I have a reference data frame (df1) with three columns of "characteristics" (gender, year, code), and two columns of "values" (amount, status). It looks like this, but with many rows:
gender year code amount status
M 2011 A 15 EMX
M 2011 A 123 NOX
F 2015 B 0 MIX
F 2018 A 12 NOX
F 2015 B 11 NOX
I have another data frame (df2) that just has the three "characteristics" columns. For example:
gender year code
M 2011 A
M 2011 A
F 2018 A
F 2015 B
For each row in df2, I want to assign "values" based on matches in "characteristics" to df1. Where there are multiple matches, I want to select pairs of "values" at random. So when there are duplicate "characteristics" in df2, they might end up with different pairs of "values", but all of them will have an exact match in df1. Essentially, for each combination of characteristics, I want the distribution of values to match between the two tables.

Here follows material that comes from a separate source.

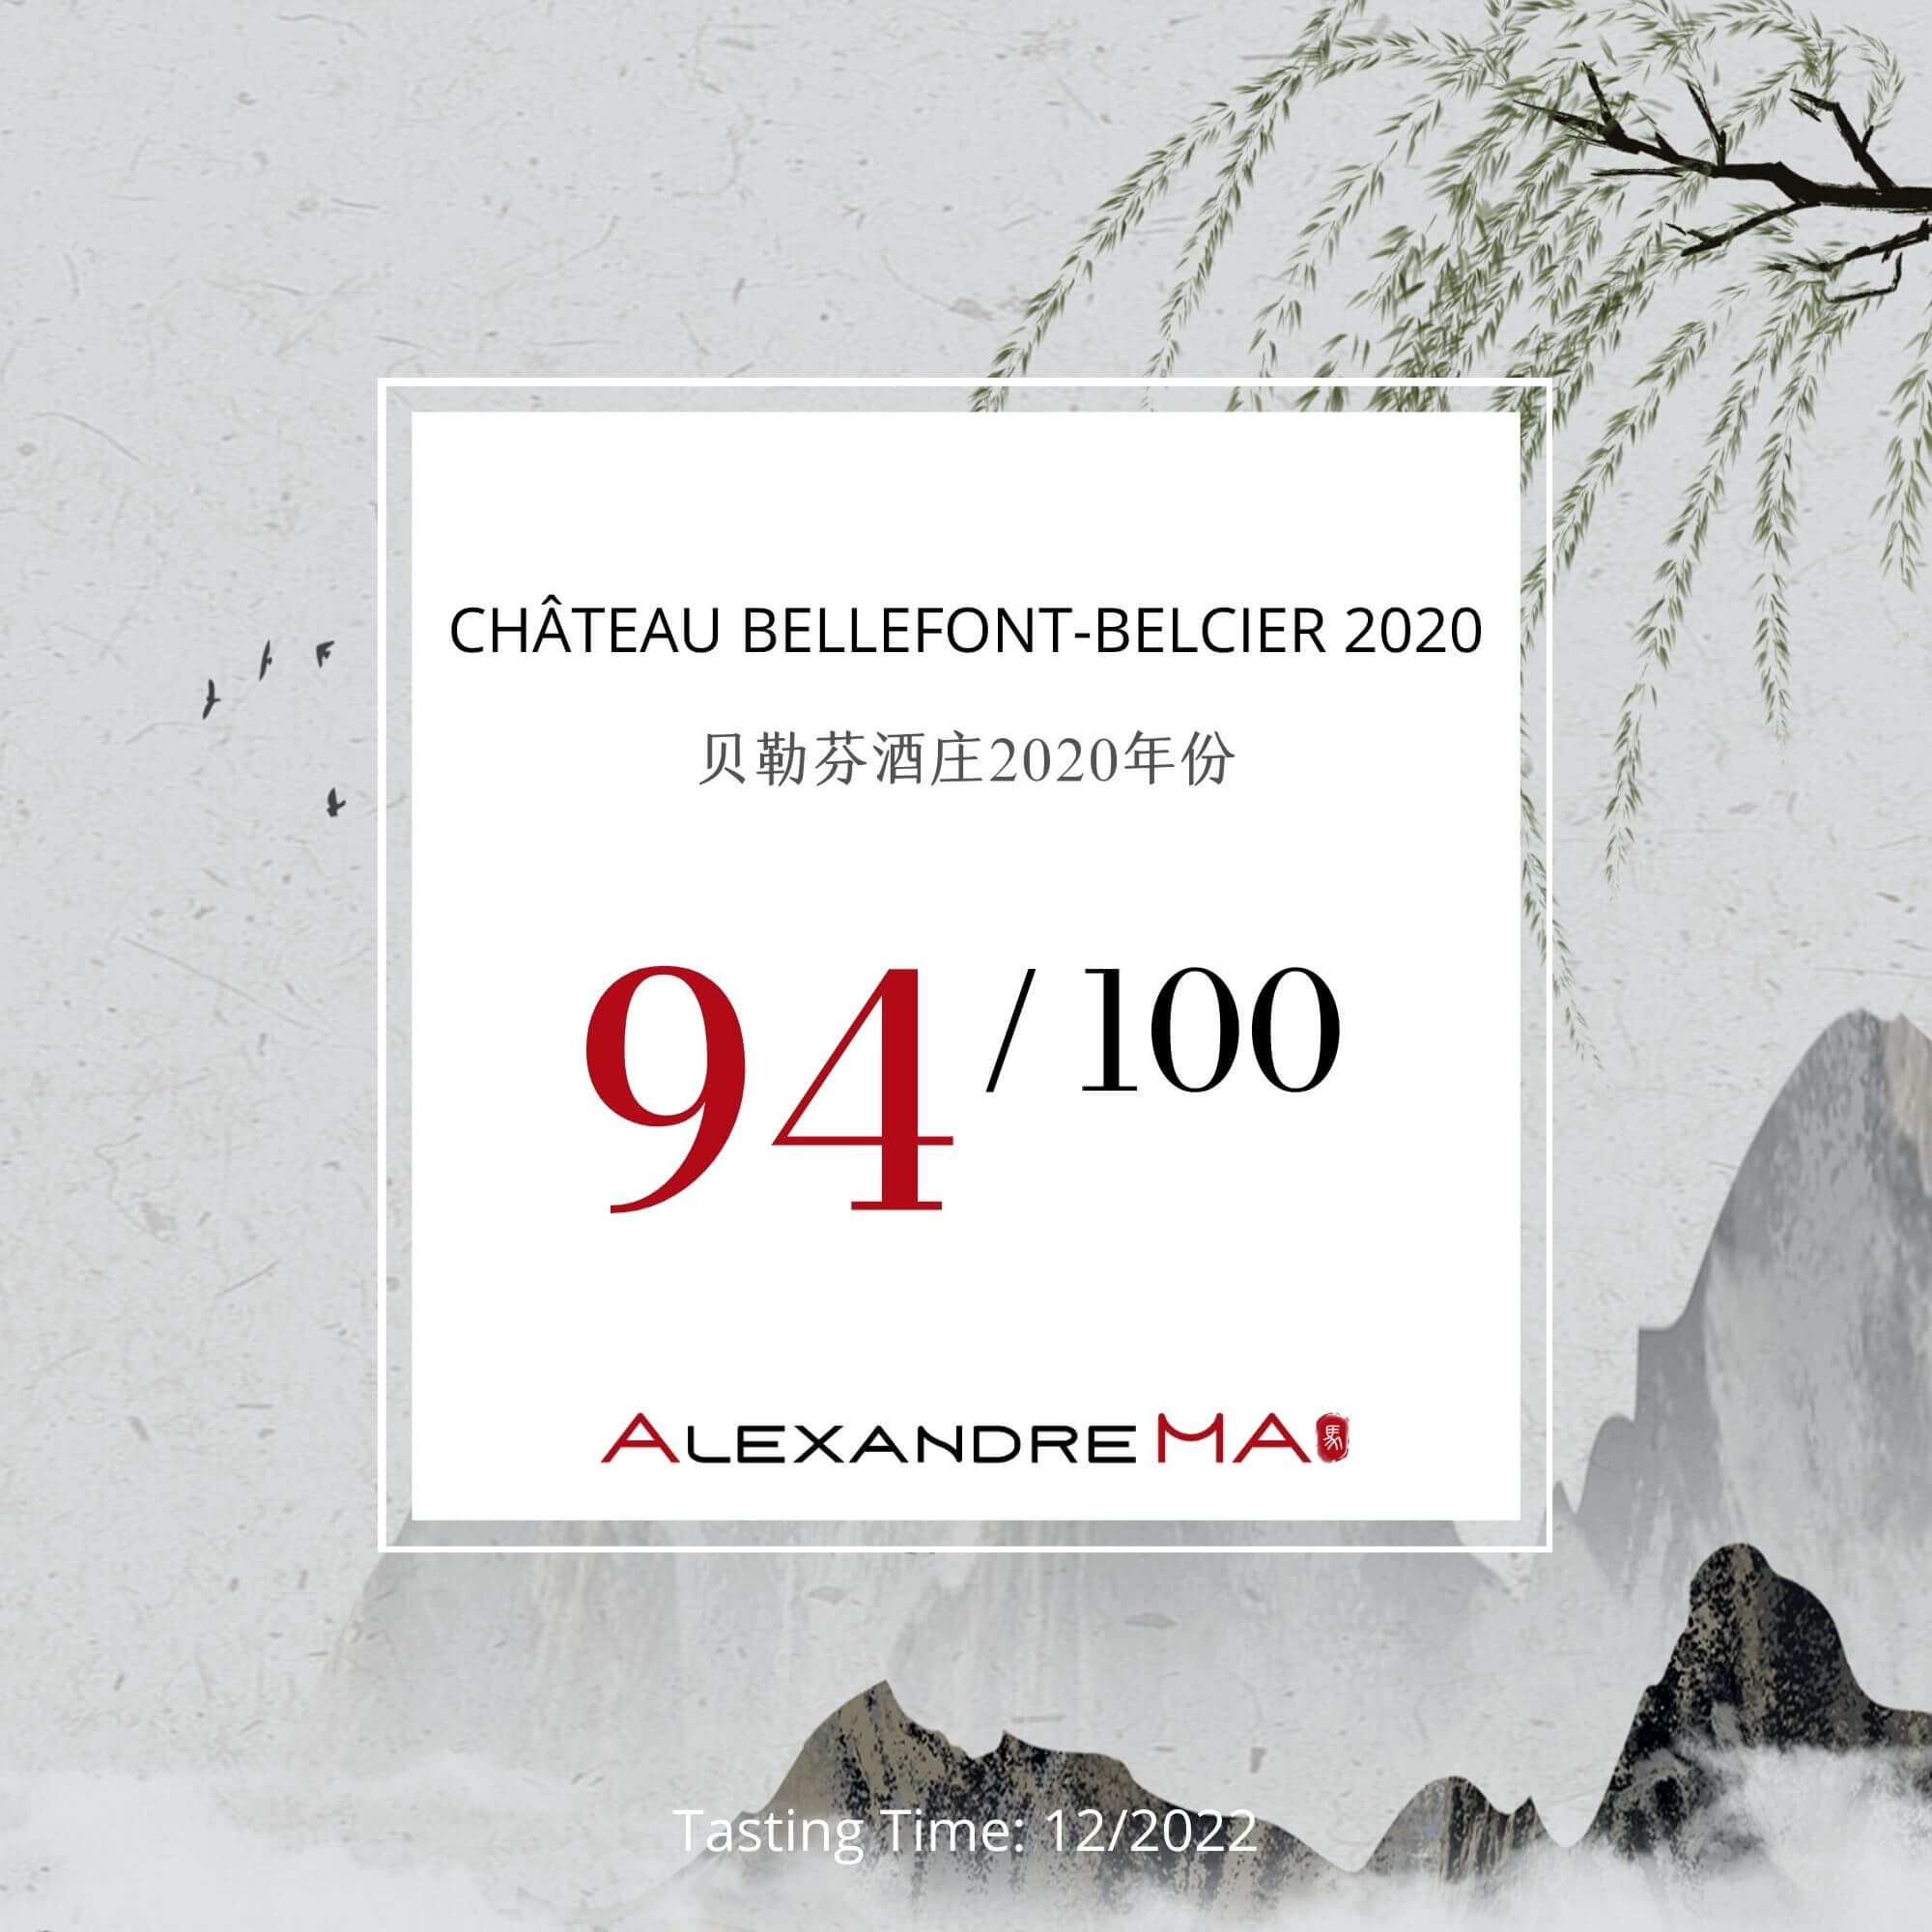 Château Bellefont-Belcier 2020 - Alexandre MA

For example, the last row in 'df2' (gender = F, year = 2015, code = B) matches two rows in 'df1': the third row (amont = 0, status = MIX) and the fifth row (amount = 11, status = NOX). Then one of these matching rows should be selected randomly. For all such cases of multiple matches between 'df2' and 'df1' based on gender, year and code, a random row should be selected.
So far, my approach has been to start by using dplyr
to do a left_join
between the two data frames. However, this provides all possible "values" for each row in df2, rather than selecting one at random. So I then have to group by characteristics and select one. This produces a very large intermediate table and doesn't seem very efficient.
I wondered if anyone had suggestions for a more efficient method? I've previously found that joining with the data.table
package is quicker, but don't really have a good understanding of the package. I also wonder if I should be doing joins at all, or should just use the sample
function?
Any help much appreciated.